Eventualmente, dejé de ser niño, y me convertí en hombre. Ahora, hoy en día, estudio sociología. Y si algo me han enseñado mis estudios académicos, es que el género no es algo que simplemente se es– es algo que se hace. En mi primera clase de sociología universitaria, el profesor nos enseñó que “gender is nothing more than a performance. It is not given, it is taught, and it is performed every day”. El género no es más que una actuación. No es algo que se da, es algo que se enseña, y se actúa cada día. Se actúa mediante la manera en la que uno se viste, en la que uno se comporta, en la que uno interactúa con el mundo a su alrededor. Al aprender eso, por primera vez entendí que yo había estado interpretando un papel toda la vida. Me vi como un actor obediente, siguiendo el guión al pie de la letra, hasta que comencé a cuestionarlo. Hoy ensayo otros gestos, otros tonos, otras formas de ser hombre. No para reemplazar un guión por otro, sino para escribir el mío.

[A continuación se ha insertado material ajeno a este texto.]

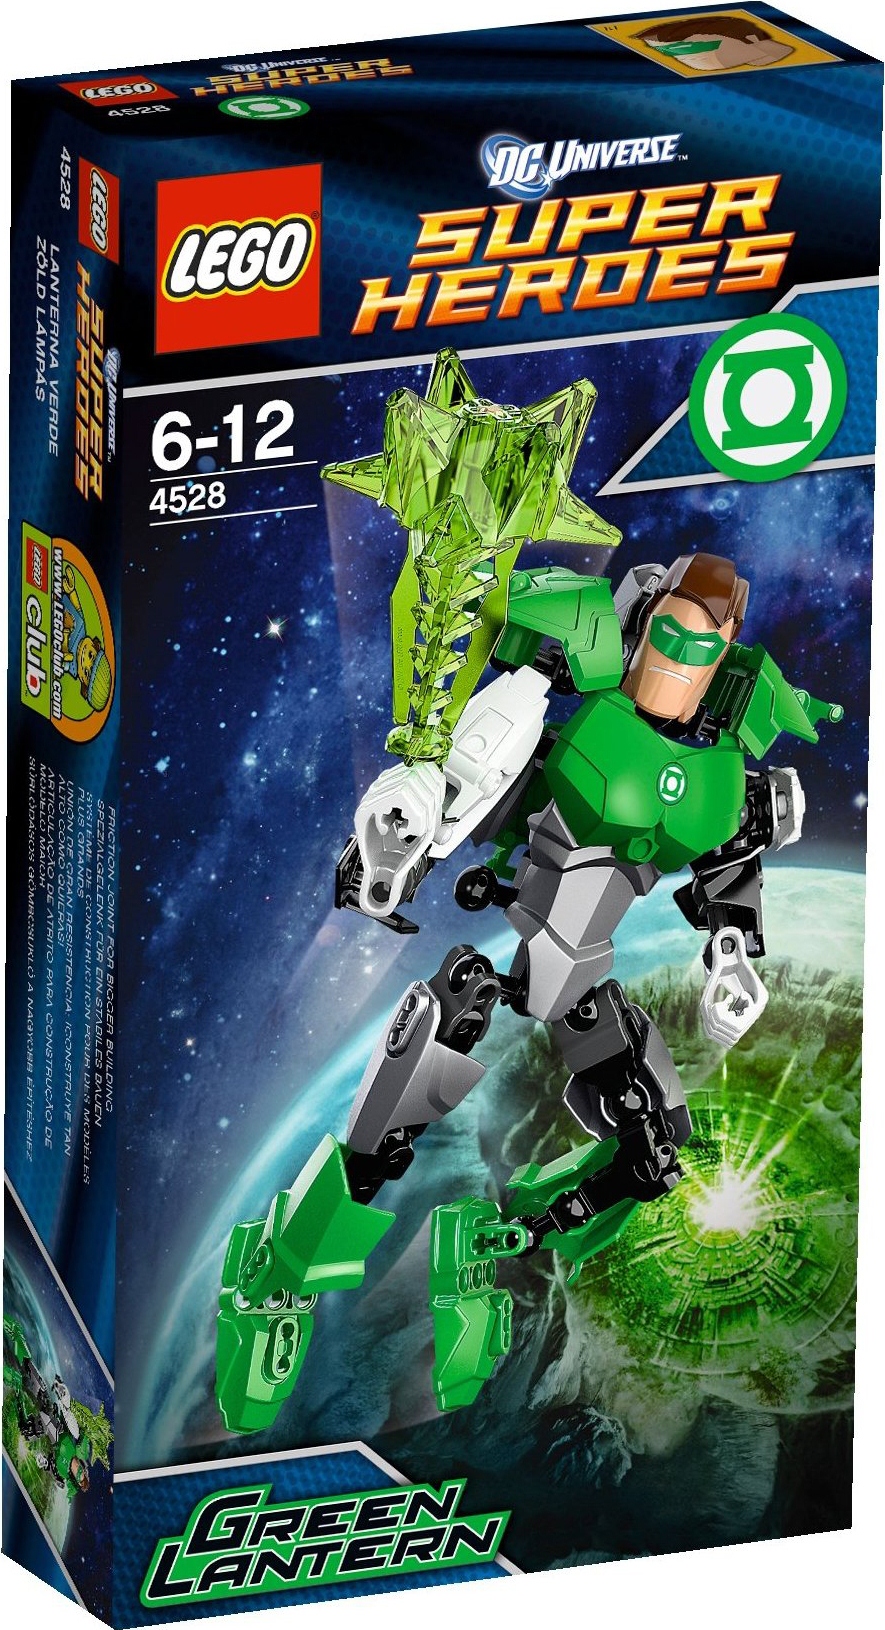 Green Lantern™ 4528

Ser un hombre bisexual, adulto y fuera del clóset, no ha significado consolidar una identidad, sino permitirme habitar mis contradicciones. El ser queer, por mucho tiempo, fue una herida que intenté esconder para parecer más hombre. De niño, aprendí que lo masculino no se mezclaba con lo femenino, y que amar a otros hombres– o incluso sólo admirarlos– era una forma de traicionar la idea de ser un proveedor, un jefe de familia, un patriarca– un “hombre de verdad”. Durante muchos años, pensé que mi sexualidad me restaba algo. Que mis gestos, mis dudas, mis maneras de mirar y hablar, me convertían en una versión rota de lo que se suponía que debía ser. Intenté actuar con dureza, caminar diferente, no hablar con las manos y callar cada parte de mí que temía delatara algo. Y aun así, siempre me sentía descubierto. Sin embargo, con el tiempo entendí que no era menos hombre por sentirme distinto. Que no ser heterosexual no me hacía más frágil: no es más que un hecho de mi biología, una realidad incambiable. A veces me sigue costando hablar con ternura, llorar frente a otros, o pedir un abrazo sin sentir vergüenza. Pero he aprendido que no hay nada más valiente que dejar que lo suave también tenga su lugar. En especial cuando el mundo te enseñó que no puedes tenerlo sin ser “maricón”. Hoy, sé que ser queer no me hace menos hombre. Me hace un hombre que resistió, sobrevivió, y se reinventó.
Amo ser hombre. No como un ideal abstracto, sino en las cosas pequeñas cotidianas: las risas de mis amigos cuando estamos cocinando juntos. El cuidado con el que doblo la ropa limpia, como me enseñó mi mamá. Las velas que prendo aunque esté solo en mi depa. Cuando alguien me agarra la mano y no la retiro, aunque me tiemble. Cómo abrazo y beso a la gente que quiero, sin prisa, sin miedo. En las palabras suaves que antes me habría tragado por miedo a sonar afeminado. Cuando me rompen el corazón y no escondo los pedazos, en su lugar dejándome desvanecer.
Amo ser hombre, y amo serlo a mi manera. Sin dureza impostada. Sin necesidad de comprobarlo. Sin que me apriete. Ser hombre ya no significa encajar en una figura que otros trazaron por mí, sino ser yo con calma. No necesito hablar más fuerte o ser más tosco, ni ocupar más espacio del que me corresponde. Puedo ser suave y puedo ser mío. Y eso, también, es ser hombre.
A veces me sorprendo hablando con mis amigos de lo que me dolía cuando era niño. A veces lloro viendo una película cursi y no me disculpo. A veces me miro al espejo después de bañarme con una toalla envuelta en la cintura, el pelo húmedo y una mascarilla puesta, y pienso: este también soy yo. Nunca imaginé que el convertirme en un hombre sería esto: deshacer lo que el miedo me enseñó. Todavía cargo con gestos que no me pertenecen, con silencios que aprendí demasiado pronto; pero con el tiempo he ido soltando algunos. Ahora, ya no soy el que actúa, sino el que permanece. El que cuida. El que se deja cuidar.